Visual Basicにおける関数、プロシージャ、イベントプロシージャについて その役割や違いについて述べています。
(関数とプロシージャ)
Visual Basicの標準関数は、そもそもユーザー定義のプロシージャに近いものです。言い換え れば、Visual Basicですでに定義されているグローバルなプロシージャというようになるでしょうか。 例えば、CInt関数は、CInt(55.6) = 55のように()内の数値を整数に変換する 関数ですが、これには、内部で、この処理をするためのコードがあって、 そこで変換しています。つまり、一般のユーザー定義のプロシージャと同じだ けど、そのコードがユーザーに見えない形になっているだけなのです。
そして、ユーザー定義のプロシージャは、「一連の関数や命令の集まり」の ようにとらえられますが、このプロシージャもプロシージャの集まりでできて いると言った方がいいかもしれません。
(イベントプロシージャ)
では、イベントプロシージャは、どうでしょうか?
イベントというのは、ユーザーの動作や操作(マウスを動かした、とか右クリ ックした)のことをいいます。そのときに実行される一連の関数や命令にあた るプロシージャをイベントプロシージャといいます。しかし、これは上述の関数 ではありません。

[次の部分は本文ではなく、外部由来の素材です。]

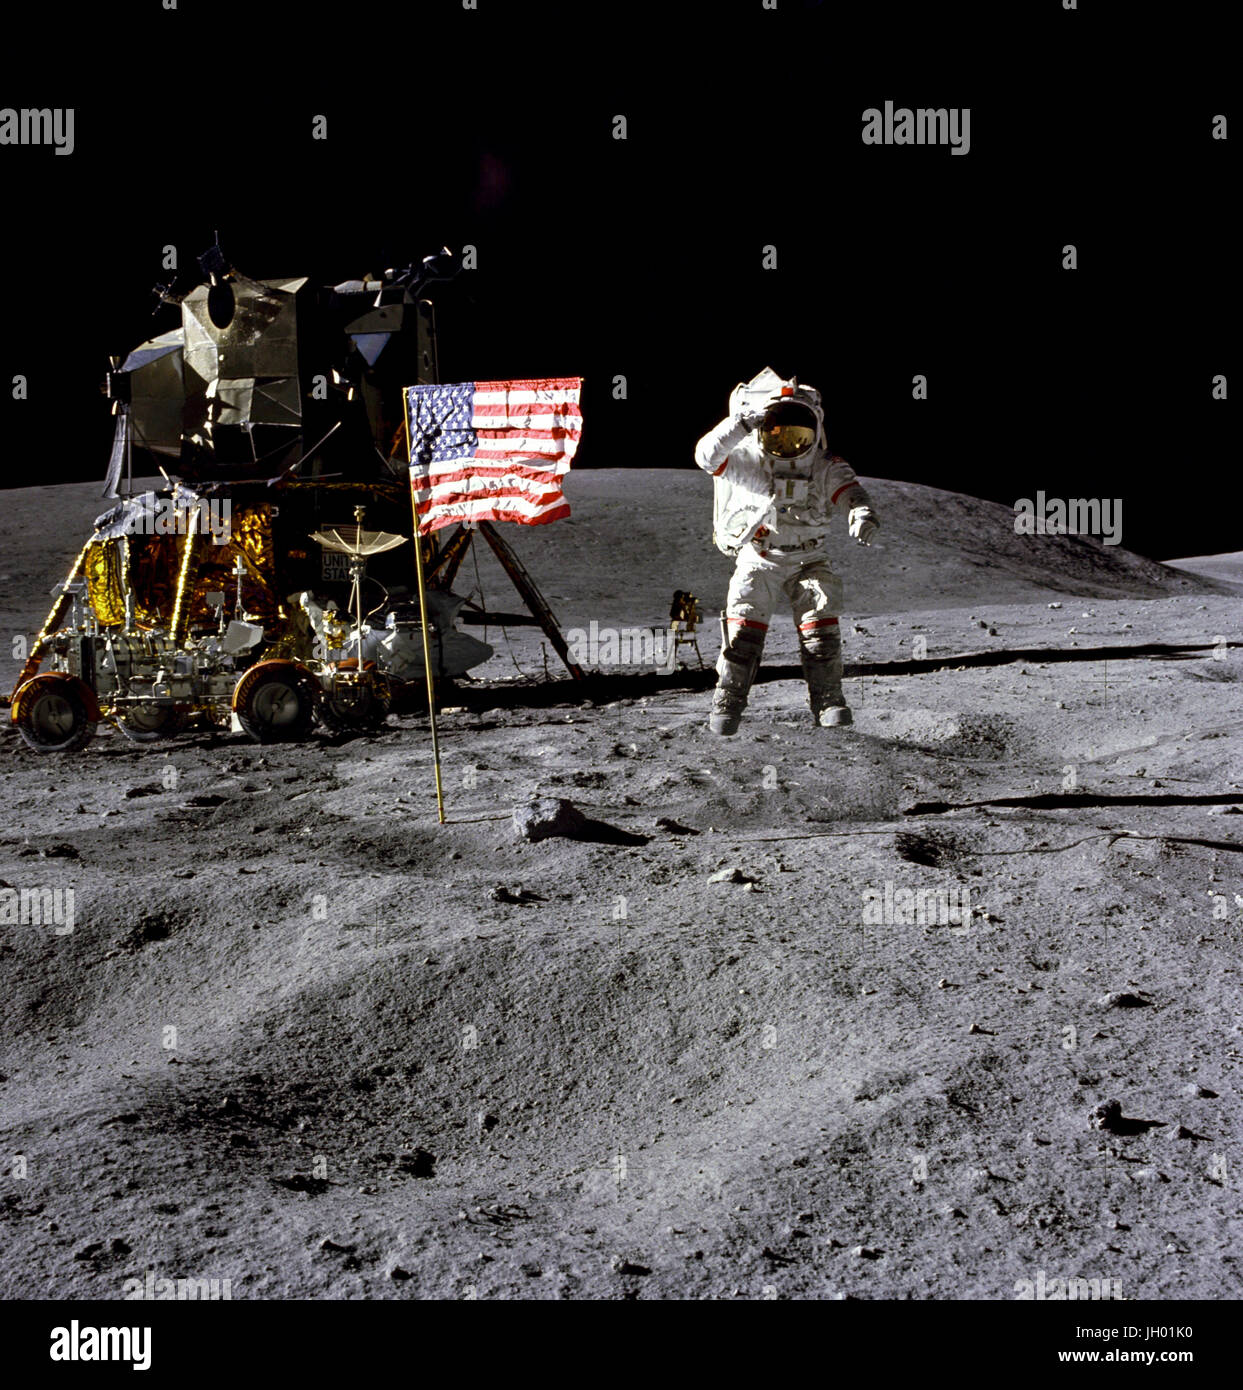 Astronaut John W. Young, Kommandant der Apollo 16-Mission Mondlandung, springt von der Mondoberfläche als He grüßt die US-Flagge am Landeplatz Descartes während der ersten Apollo 16 Extravehicular Activity (EVA-1). Astronaut Charles M. Duke Jr., Pilot der Mondlandefähre, nahm dieses Bild. Die Mondlandefähre (LM) "Orion" ist auf der linken Seite. Das Lunar Roving Vehicle ist neben der LM geparkt. Das Objekt hinter Young im Schatten der LM ist der weit Ultraviolett Kamera/Spektrograph. Stone Mountain dominiert den Hintergrund in dieser lunar Szene. Fotograf: NASA / Charles M. Duke, Jr. Stockfoto
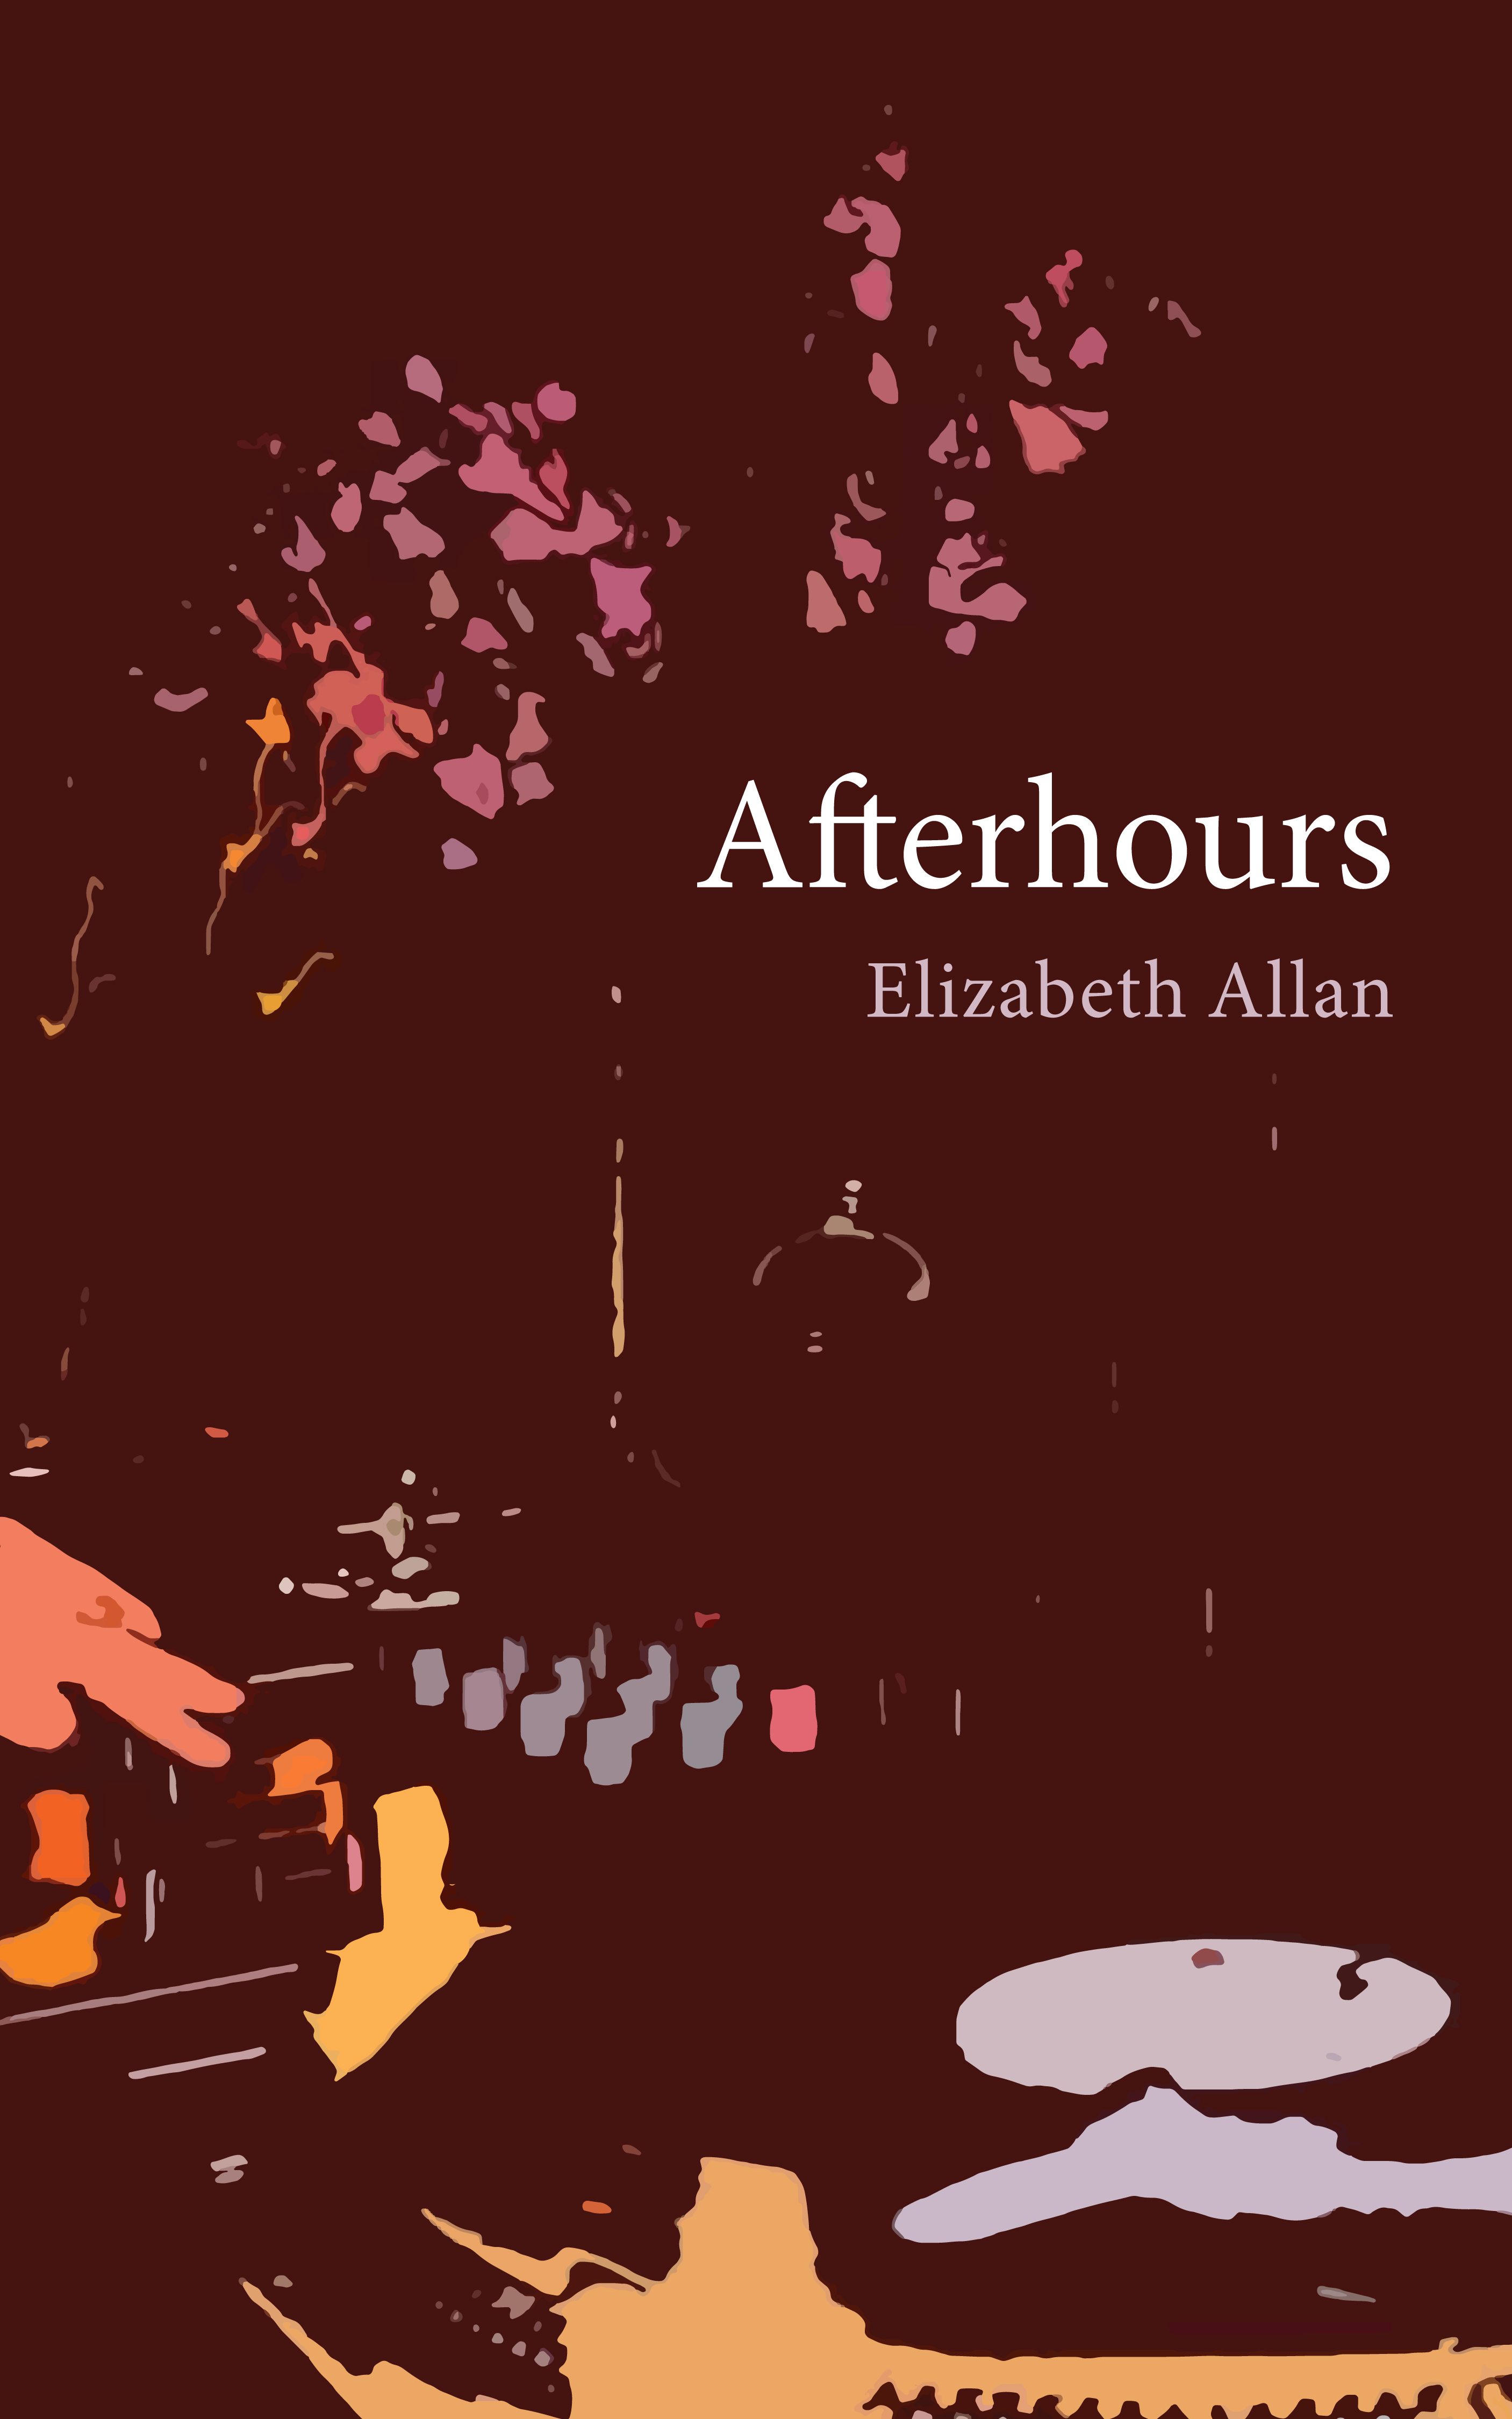 Afterhours by Elizabeth Allan

例えば、MouseMoveというのは、「マウスを動かした」というイベントに対 するプロシージャですが、これは明らかにメッセージです。関数であれ、 プロシージャであれ、実行するときにはそれぞれ関数名,プロシージャ名を 指定します。だけど、MouseMoveというプロシージャは、基本的にいつでもど こでも呼び出すというというわけにはいきません。通常マウスが移動したとき にのみ勝手に呼び出される(無理矢理呼び出すことも可能)わけで、 プログラマーが呼び出すコードを記述するわけではありません。ユーザーの 操作、つまりメッセージ=プロシージャ名になっているため、 とてもややこしいものとなっています。(正確には、Visual Basicではメッセージ という概念はありません)
C言語レベルでは、次のようなコードとなっています。
C言語レベルのメッセージの受け取り方の例
LPARAM CALLBACK MainWndProc(HWND hWnd,UINT message,WPARAM
wParam,LPARAM lParam)
{
//様々なメッセージに対する処理
switch (message) {
//特にユーザーのコマンド操作によるメッセージ
case WM_COMMAND:
//ダイアログボックスのOKボタンが押されたとき
if (wParam == ID_OK){
/*ここのコードがVBのCommand_Clickなどの
プロシージャに当たる*/
return TRUE;
//ダイアログボックスのCANCELボタンが押されたとき
}else if (wParam == ID_CANCEL) {
DestroyWindow(hWnd);
return TRUE;
}
:
:
:
}
return 0;
}
C言語では、Visual Basicでいうプロシージャのことをひっくるめて「関数」として います。また、イベントは、「メッセージ」であり、その「メッセージ」に対 する処理は1つの関数(上記)の中で実行されます。Visual Basicのイベントプロシージャは、 その関数の中にある、一連の処理に当たります。 このようにVisual Basic自体が、送られてきたメッセージに対するプロシージャの 受け渡し役をしているわけです。
こうやって見ていくと、名前は似ているもののユーザー定義のプロシージャ とイベントプロシージャの役目がかなり違うことがわかります。前者は、 むしろVisual Basic標準関数の方に近いのです。
イベントとかメッセージというものは、Window プログラミングの土台の 部分です。Visual Basicを利用する上でも、理解しておけば何かの役に立つかもしれません。